- _Task to carry out_: Would you print only the lines running from the one with "3D Pop-up Halloween" to the final line of the data below, word for word and without pictures?

- _Information supplied_:
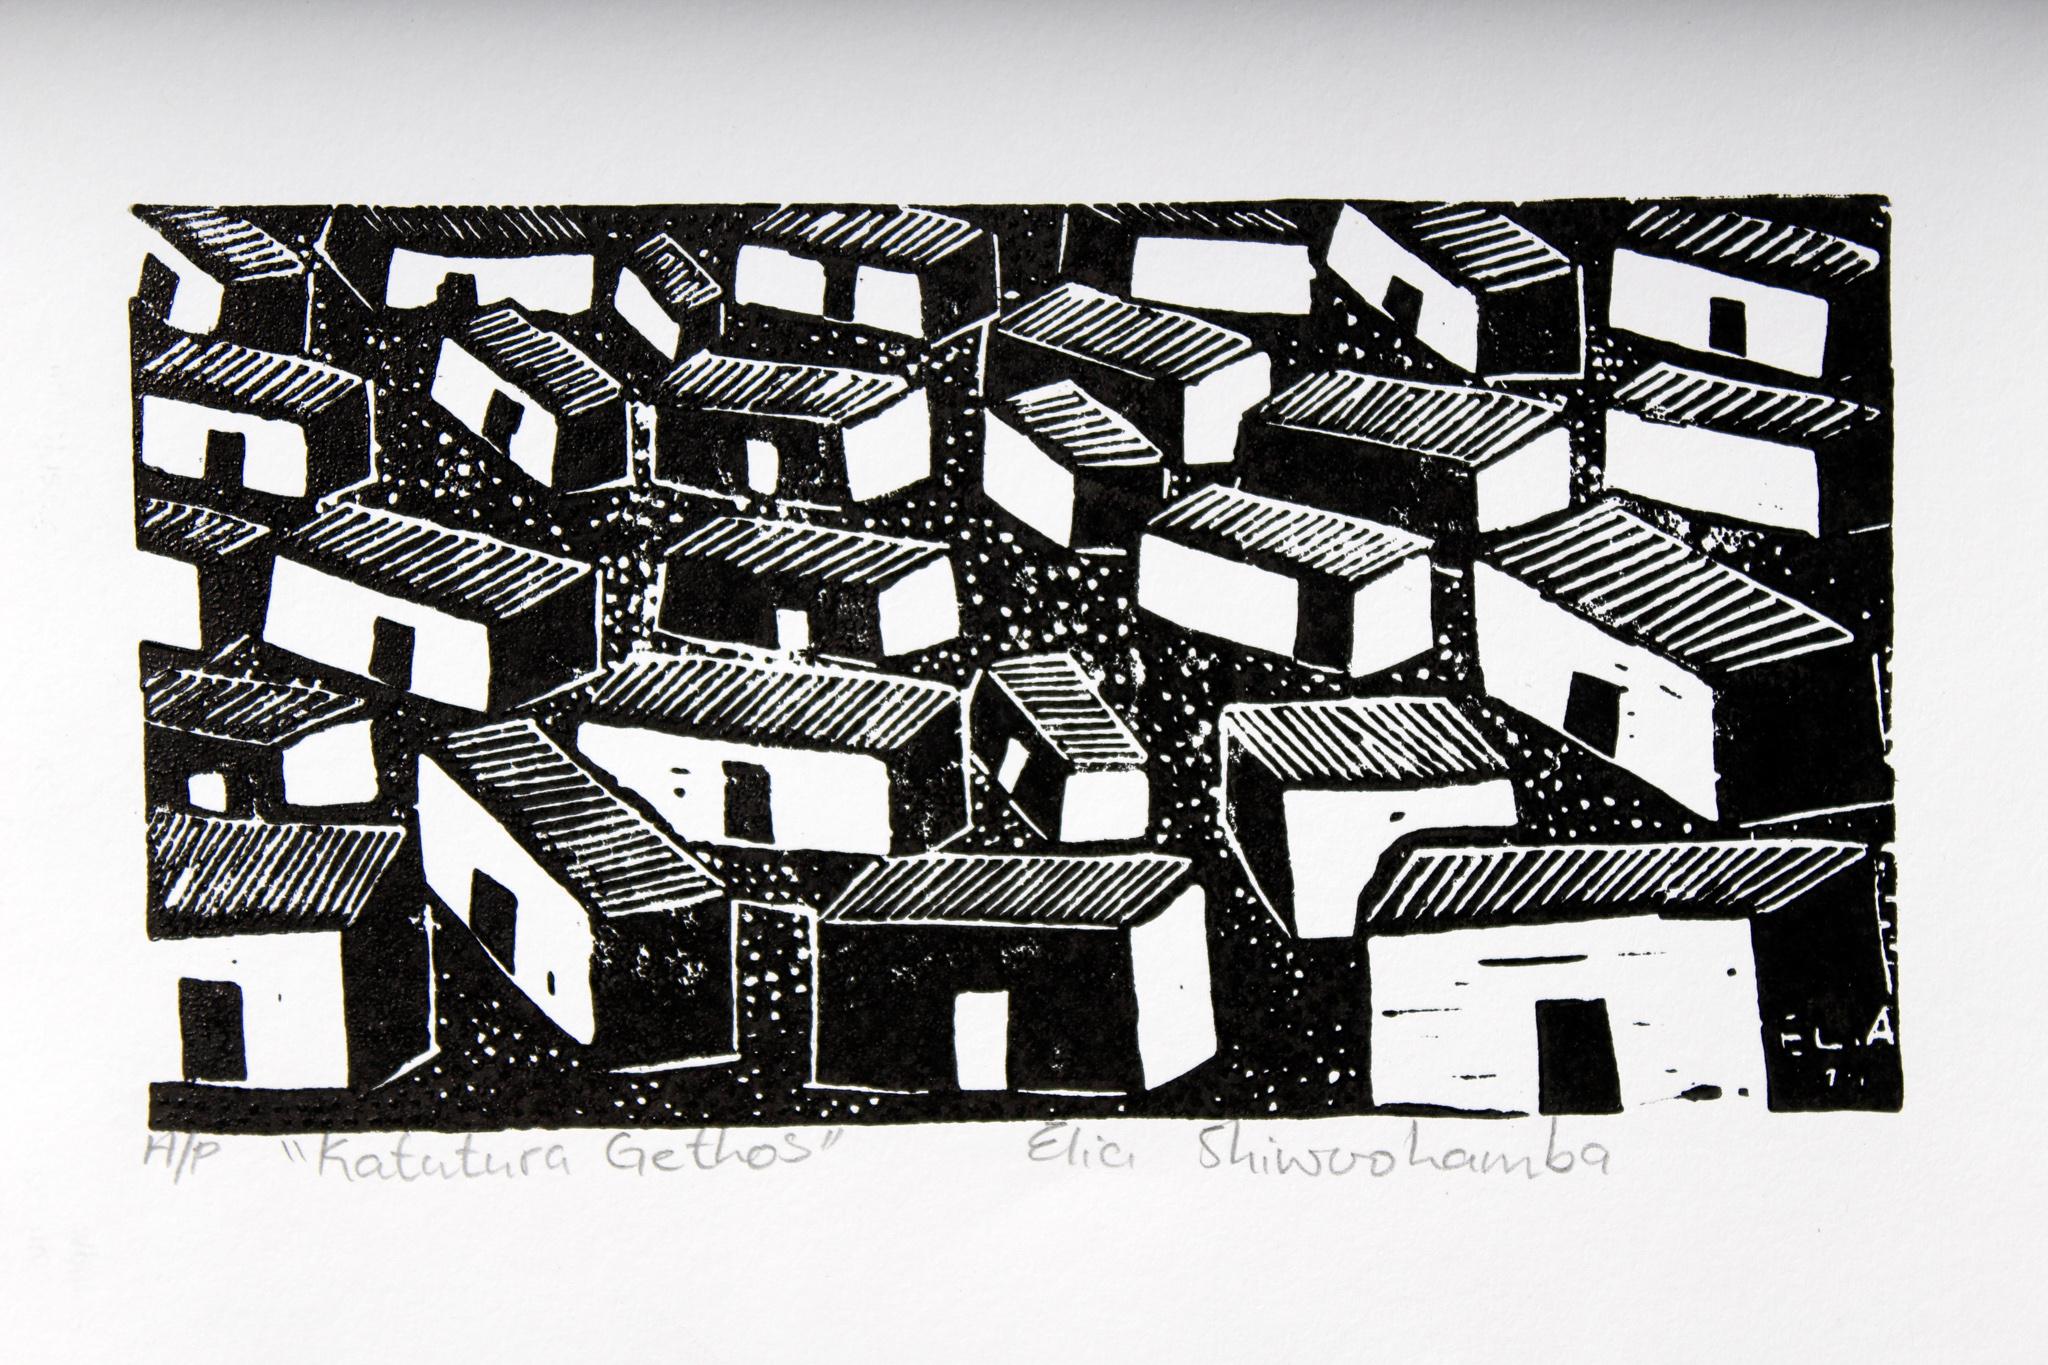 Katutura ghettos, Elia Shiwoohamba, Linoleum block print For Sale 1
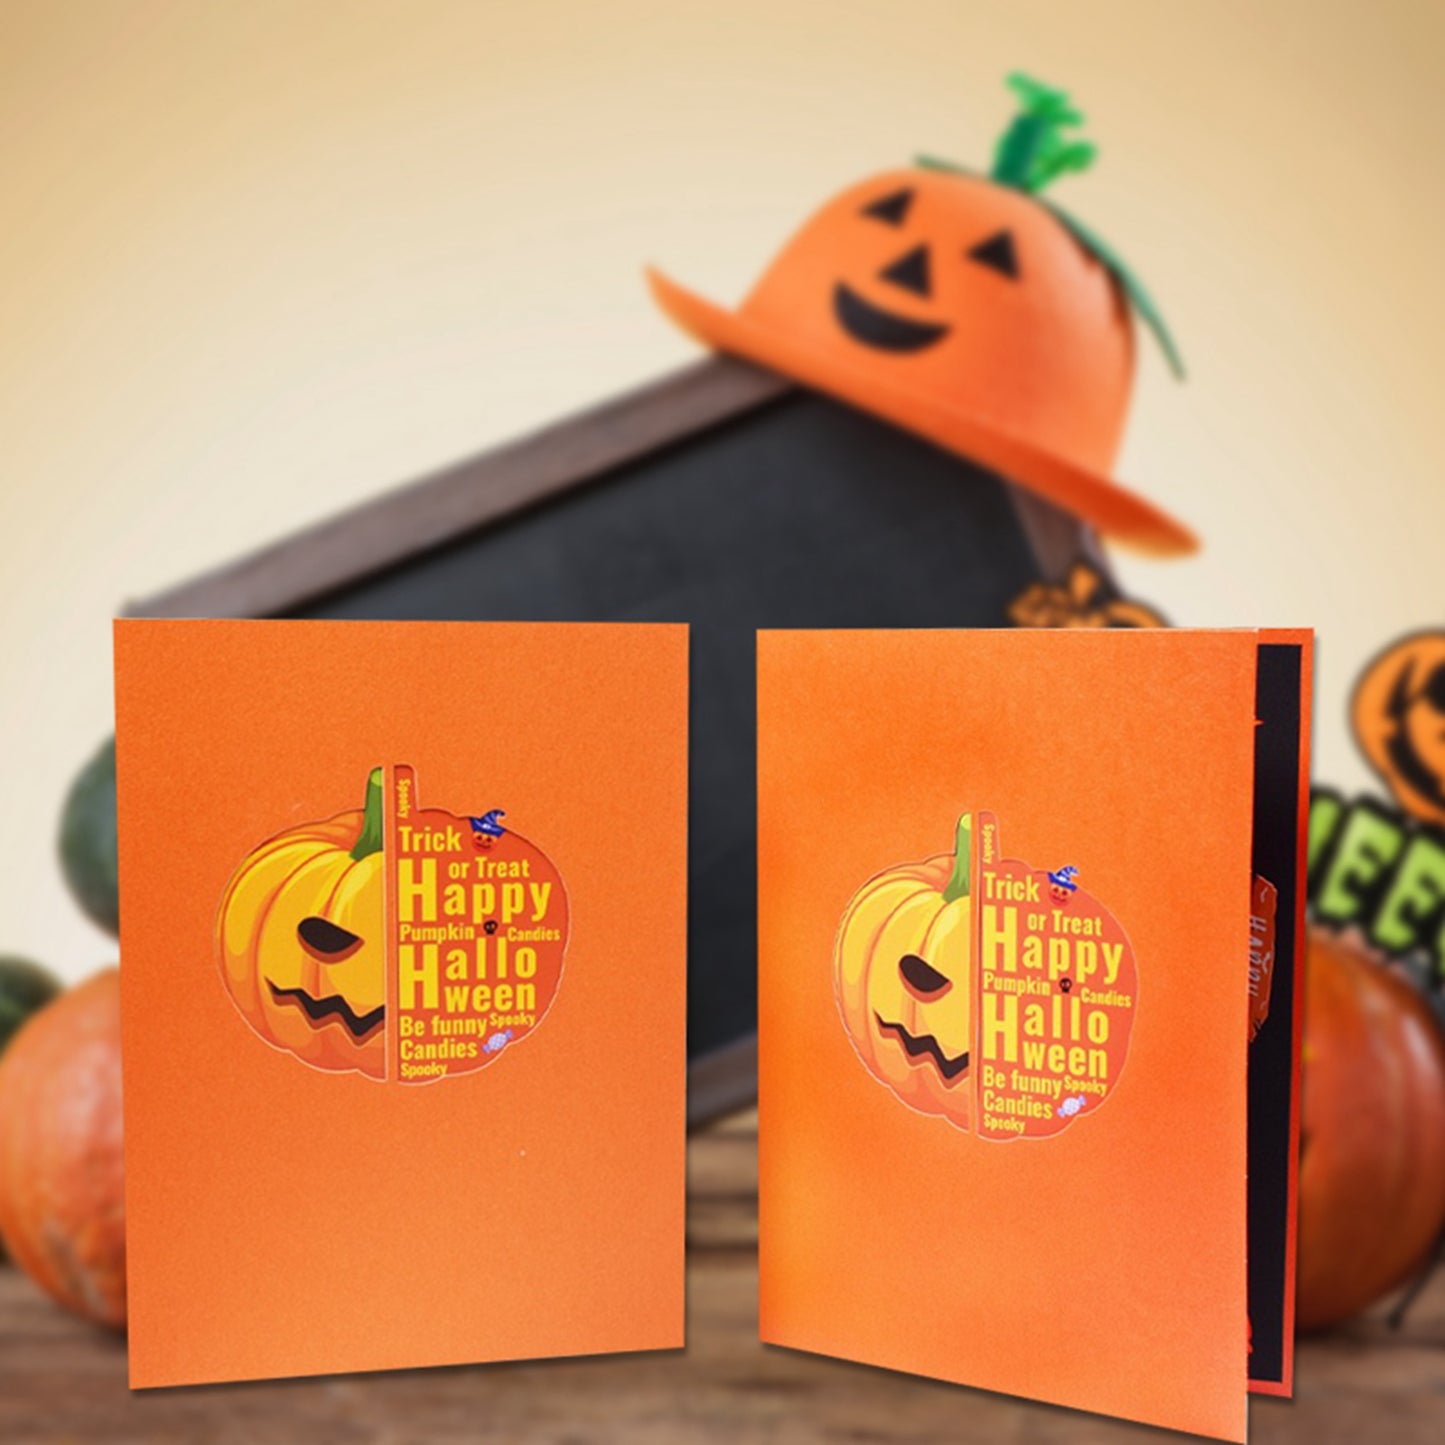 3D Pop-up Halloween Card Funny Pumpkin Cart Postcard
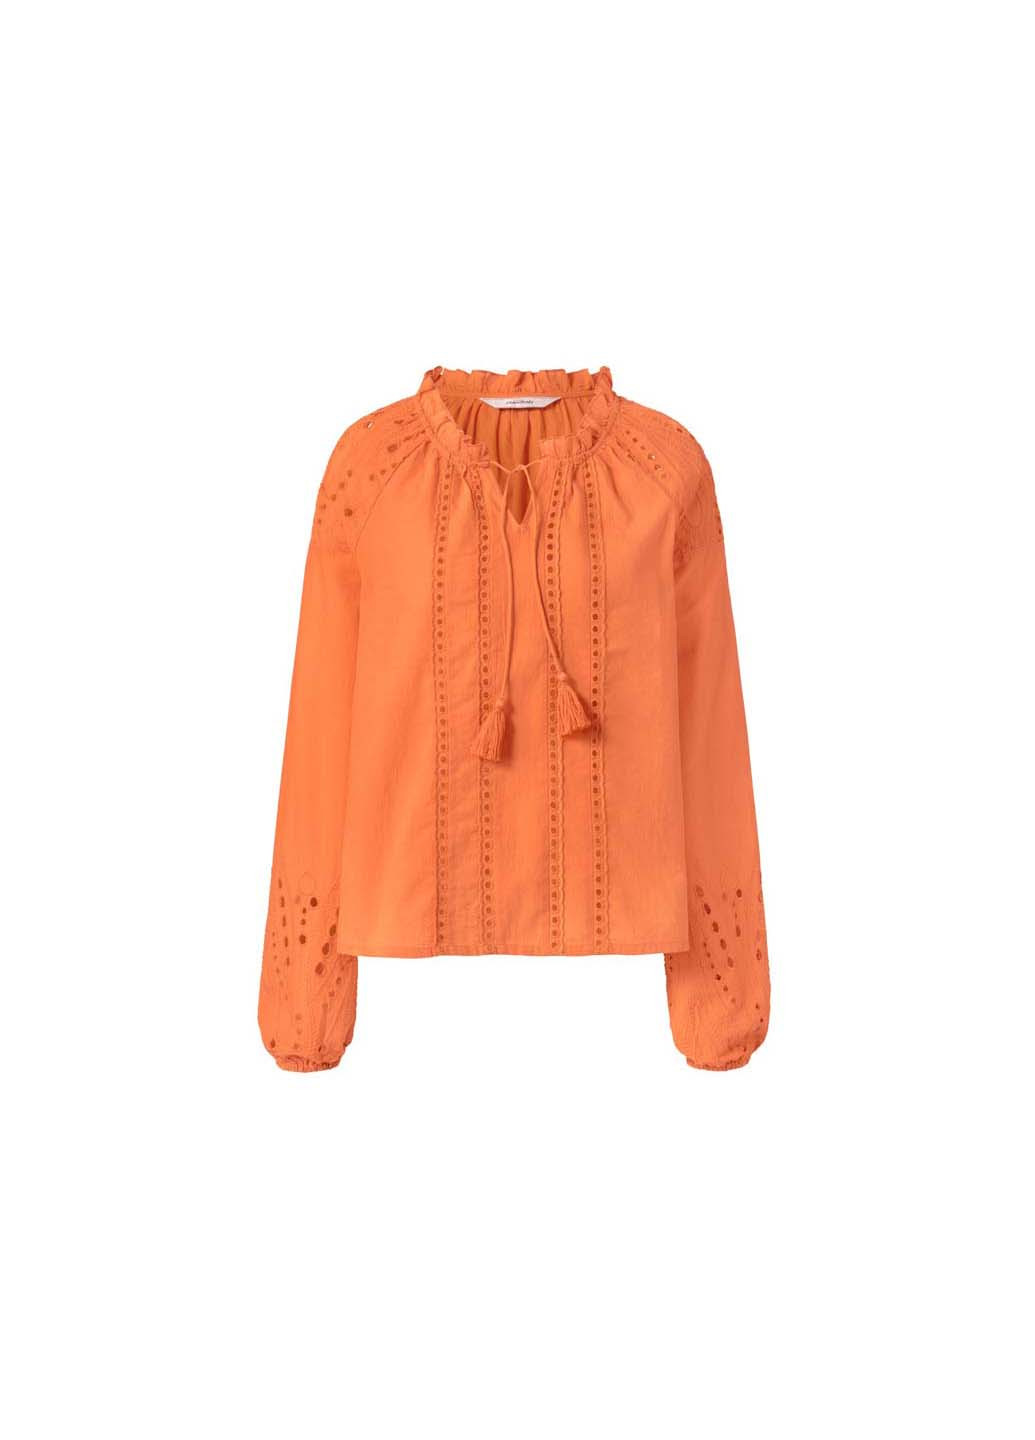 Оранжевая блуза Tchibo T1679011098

- _Exercise output_:
 3D Pop-up Halloween Card Funny Pumpkin Cart Postcard
 Оранжевая блуза Tchibo T1679011098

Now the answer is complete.